流式XML管道解析结果 [英] Streaming xml-conduit parse results

查看:90
本文介绍了流式XML管道解析结果的处理方法,对大家解决问题具有一定的参考价值,需要的朋友们下面随着小编来一起学习吧!

问题描述

我想使用 xml-conduit ,特别是 Text.XML.Stream.Parse ,以便从一个大的XML文件中懒惰地提取一个对象列表。



作为测试用例,我使用最近重新发布的StackOverflow数据转储。为了简单起见,我打算从> stackoverflow.com-Users.7z 中提取所有用户名。即使该文件是 .7z file 表示它只是bzip2压缩的数据(可能有一些7zip但是现在我不在乎)。



XML的简化版本将是

 < users> 
...
...
< / users>

基于以前的Q& A 和示例

$ c> runghc 运行下面的程序,它运行时不打印任何输出:

  { - #LANGUAGE OverloadedStrings# - } 
导入Data.Conduit(runResourceT,($$),($ =))
将限定的Data.Conduit.Binary导入为CB
import Data.Conduit.BZlib
导入Data.Conduit
导入Data.Text(文本)
导入System.IO
导入Text.XML.Stream.Parse
导入Control.Applicative((< ; *))

data User = User {name :: Text}派生(显示)

parseUserRow = tagNamerow(requireAttrDisplayName< * ignoreAttrs) $ \displayName - >
return $ User $ display
$ b parseUsers = tagNoAttrusers$ many parseUserRow

main = do
users< - runResourceT $ CB.sourceFile stackoverflow.com-Users.7z$ = bunzip2 $ = parseBytes def $$ forceusers requiredparseUsers
putStrLn $ unlines $ map show users

我假设发生此问题是因为Haskell在开始打印之前试图深入评估 users 列表。这个理论得到了该程序的内存使用量的支持,该程序的持续增长速度约为每秒2%(来源:htop)。

如何将结果直播标准输出?我认为这可以通过在最后添加另一个管道语句,如 $$ CB.sinkFileoutput.txt来实现。然而,这个特定的版本需要 ByteString Conduit 输出。你可以指点我正确的方向去哪里?



任何帮助将不胜感激!

让我首先说xml-conduit中的流助手API多年来一直没有工作过,并且可能会从过渡期间发生的变化重新构想中受益。我认为有可能有更好的方法来完成任务。



也就是说,让我解释一下你看到的问题。 many 函数会创建一个结果列表,并且在完成处理之前不会生成任何值。在你的情况下,有这么多的价值,这似乎永远不会发生。最终,当整个文件被读取时,整个用户列表将被一次显示。但是,这显然不是您要查找的行为。



相反,您要做的是创建一个用户值,只要它们准备就绪即可生成。你想要做的是基本上用一个新函数替换多个函数调用,这个函数会在每次调用结果时都会产生 yield 解析。一个简单的实现可以是:

  yieldWhileJust :: Monad m 
=> ConduitM a b m(也许b)
- >导管a m b
yieldWhileJust消费者=
循环
其中
循环=
mx< - 消费者
案例mx
无 - > return()
Just x - >产量×>>循环

另外,不要使用 putStrLn $ unlines $ map show ,你想把整个管道附加到一个消费者上,每个消费者都会单独打印出 User 值。这可以通过 Data.Conduit.List.mapM _ 轻松实现,例如: CL.mapM_(liftIO。print)



我把完整示例。
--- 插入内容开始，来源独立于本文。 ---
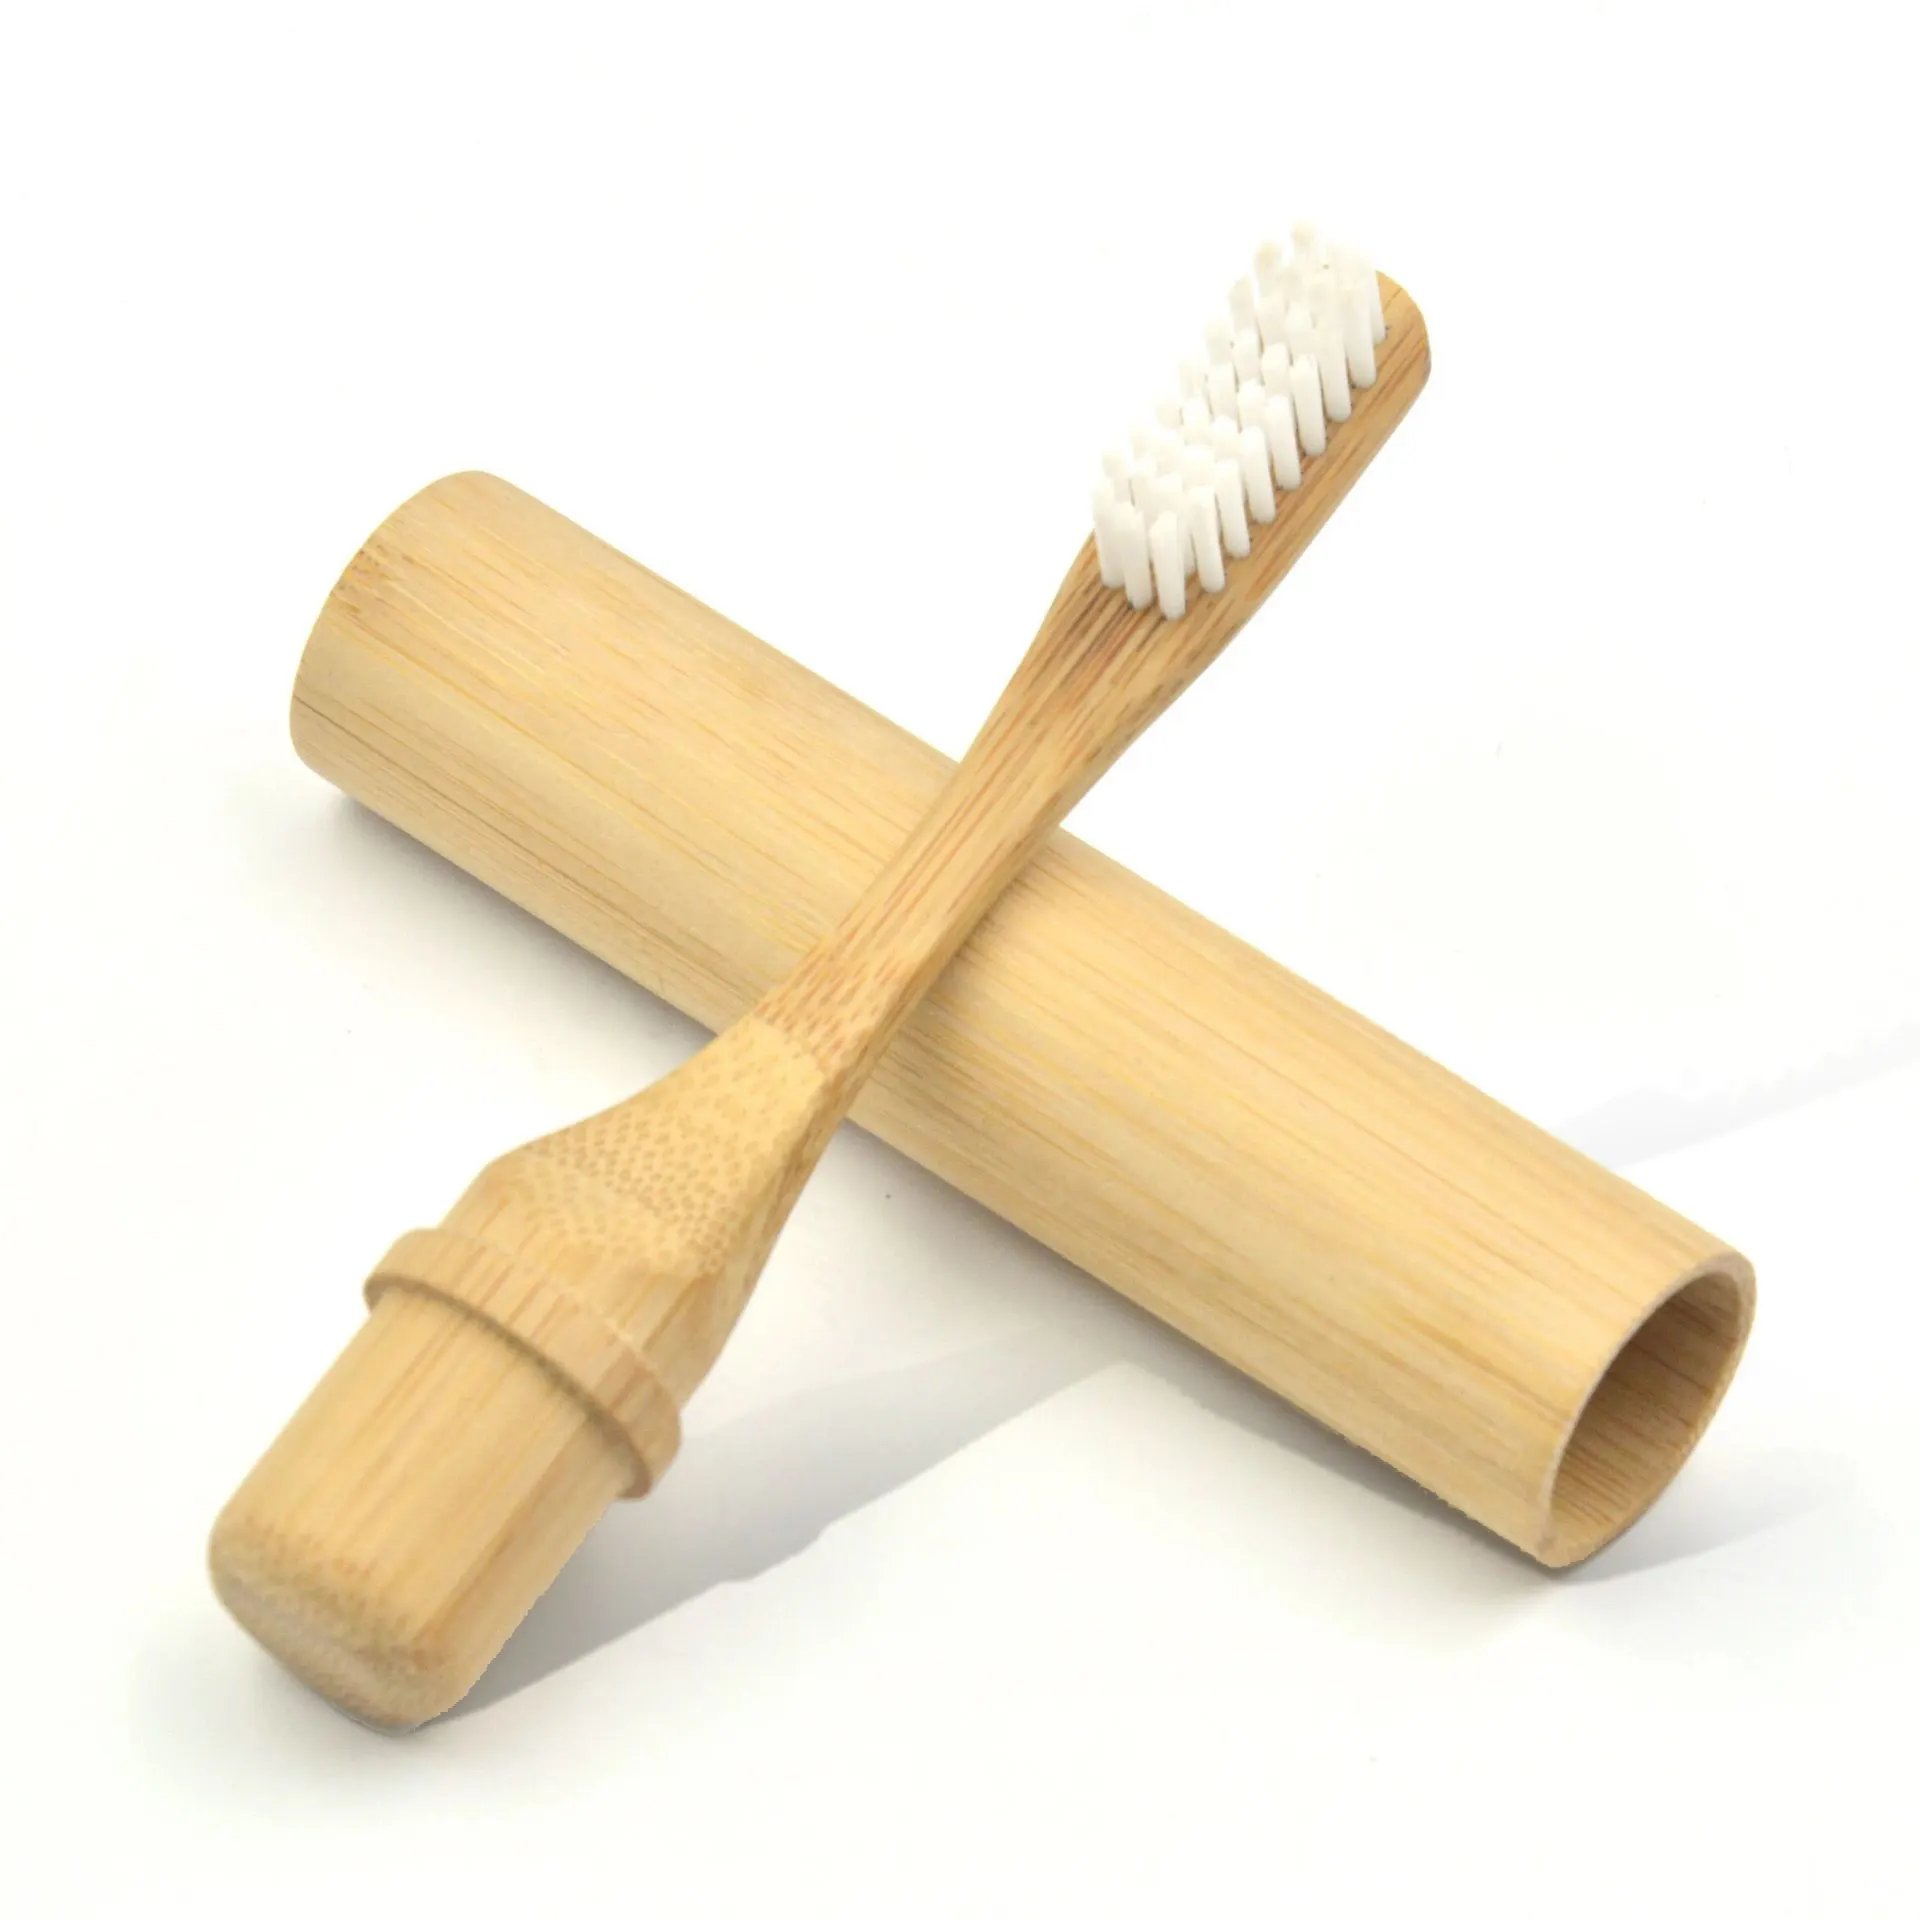 ชุดผลิตภัณฑ์แปรงสีฟันแบบนุ่มทำจากไม้ไผ่สำหรับเด็กผู้ใหญ่100% สั่งทำได้

输入是一个人为生成的无限XML文件,只是为了证明它真的在立即产生输出。

  { - # LANGUAGE OverloadedStrings# - } 
{ - #LANGUAGE RankNTypes# - }
import Control.Applicative((<*))
import Control.Concurrent(threadDelay)
import Control。 Monad(forever,void)
导入Control.Monad.IO.Class(MonadIO(liftIO))
导入Data.ByteString(ByteString)
导入Data.Conduit
导入限定数据.Conduit.List作为CL
导入Data.Text(文本)
导入Data.Text.Encoding(encodeUtf8)
导入Data.XML.Types(事件)
导入文本。 XML.Stream.Parse

- 仅用于测试目的而不是实际包含大量输入数据文件
infiniteInput :: MonadIO m =>源m ByteString
infiniteInput = do
产生< users>
forever $ do
yield $ encodeUtf8
< row id = \1 \DisplayName = \StackOverflow \/>< row id = \ 2597135\DisplayName = \UliKöhler\/>
liftIO $ threadDelay 1000000
--yield< / users> - 永远不会达到

data User = User {name :: Text}派生(显示)

parseUserRow :: MonadThrow m =>消费者事件m(可能是用户)
parseUserRow = tagNamerow(requireAttrDisplayName< * ignoreAttrs)$ \displayName - > do
return $ User displayName

parseUsers :: MonadThrow m => Conduit Event m User
parseUsers = void $ tagNoAttrusers$ yieldWhileJust parseUserRow

yieldWhileJust :: Monad m
=> ConduitM a b m(也许b)
- >导管a m b
yieldWhileJust消费者=
循环
其中
循环=
mx< - 消费者
案例mx
无 - > return()
Just x - >产量×>>循环

main :: IO()
main = infiniteInput
$$ parseBytes def
= $ parseUsers
= $ CL.mapM_ print


I want to use xml-conduit, specifically Text.XML.Stream.Parse in order to lazily extract a list of objects from a large XML file.

As a test case, I use the recently re-released StackOverflow data dumps. To keep it simple, I intend to extract all usernames from stackoverflow.com-Users.7z. Even if the file is a .7z, file says it is just bzip2-compressed data (there might be some 7zip stuff at the end of the file, but right now I don't care).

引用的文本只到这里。